Let the number of adults be \( a \) and the number of children be \( c \).
We have two equations based on the problem:
-
The total number of attendees (adults and children) is 500: \[ a + c = 500 \]
-
The total revenue from admissions should be $3,500. Adults are charged $10 and children $5: \[ 10a + 5c = 3500 \]
Now, we have a system of equations:
- \( a + c = 500 \) (1)
- \( 10a + 5c = 3500 \) (2)
We can simplify equation (2) by dividing all terms by 5: \[ 2a + c = 700 \]
Now we have the simplified system:
- \( a + c = 500 \) (1)
- \( 2a + c = 700 \) (3)
Next, we can eliminate \( c \) by subtracting equation (1) from equation (3): \[ (2a + c) - (a + c) = 700 - 500 \] \[ 2a + c - a - c = 200 \] \[ a = 200 \]

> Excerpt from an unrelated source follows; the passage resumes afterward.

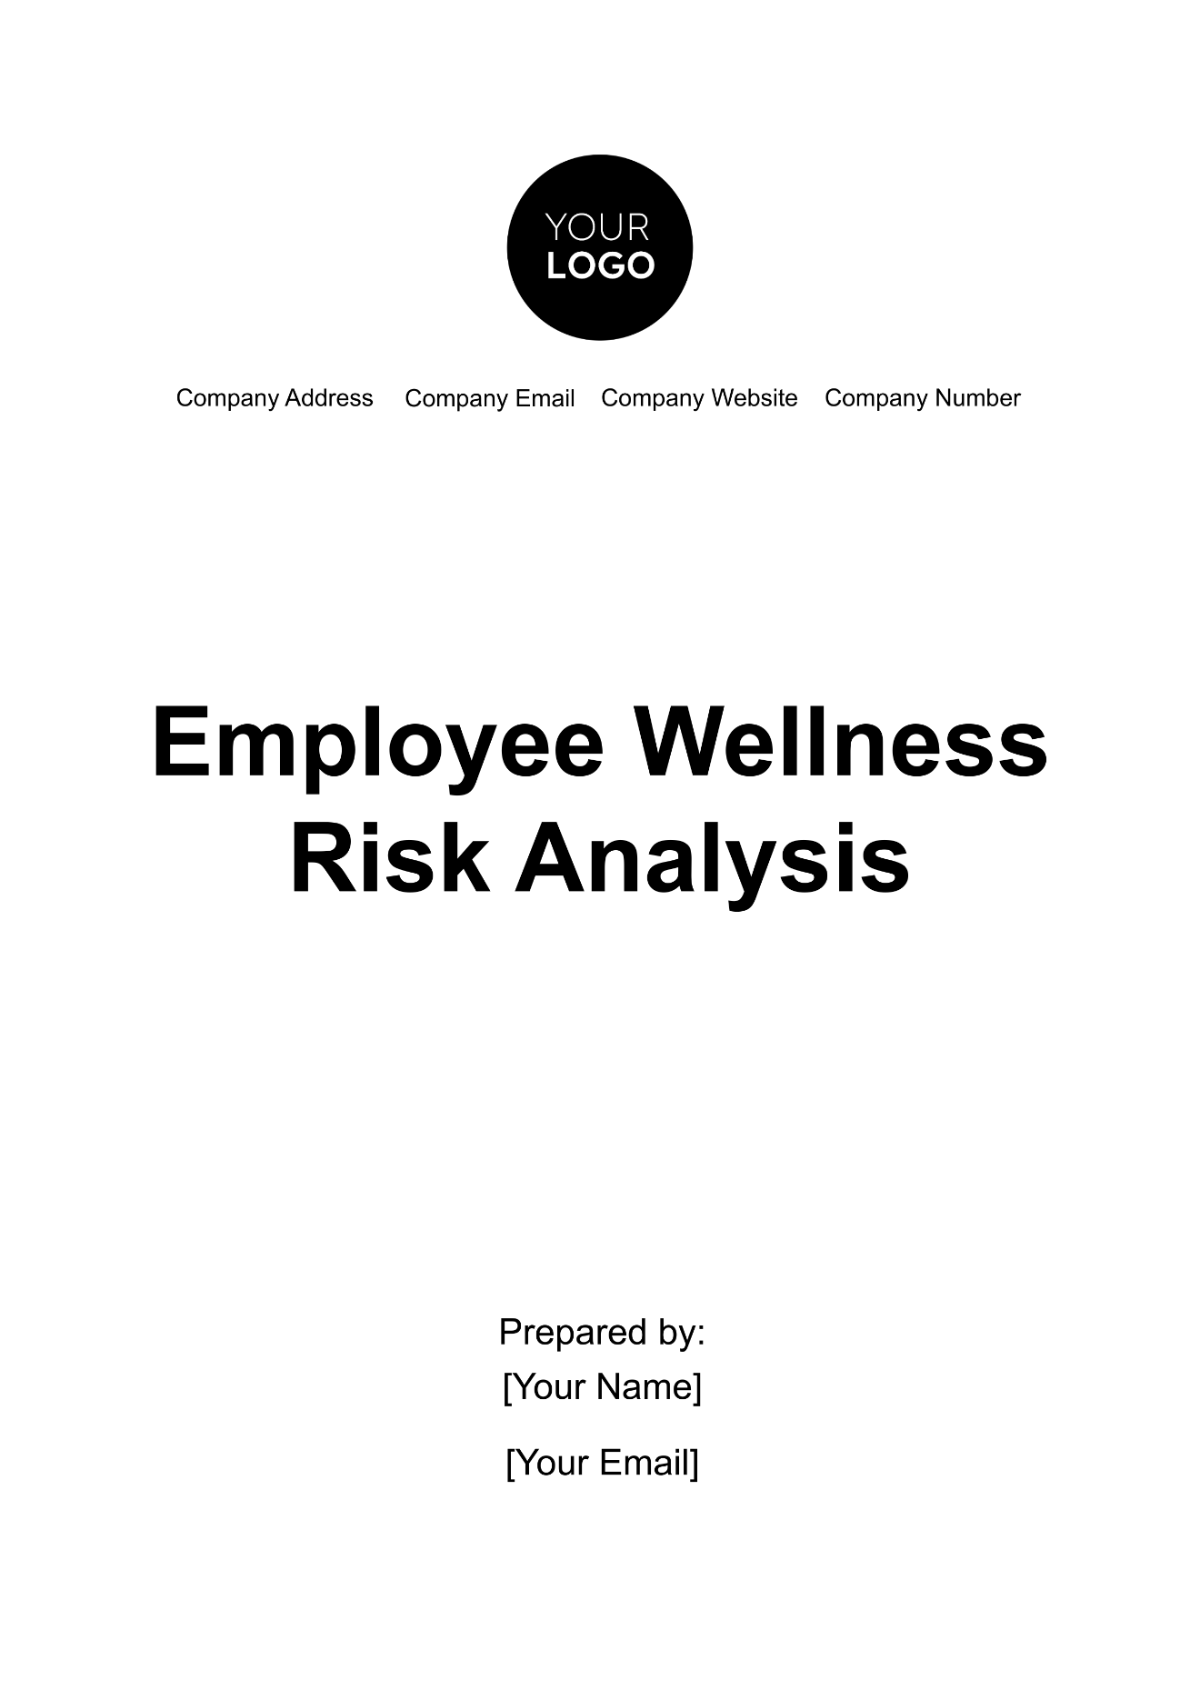 Employee Wellness Risk Analysis Template

Now that we have \( a = 200 \), we can substitute it back into equation (1) to find \( c \): \[ 200 + c = 500 \] \[ c = 500 - 200 \] \[ c = 300 \]
Thus, the number of adults and children that need to attend is:
- Adults: \( 200 \)
- Children: \( 300 \)
To verify, we can check the revenue: \[ 10a + 5c = 10(200) + 5(300) = 2000 + 1500 = 3500 \] And the total attendance: \[ a + c = 200 + 300 = 500 \]
Therefore, the solution is correct. The Kesling Middle School PTA needs 200 adults and 300 children to attend to reach their goal of $3,500.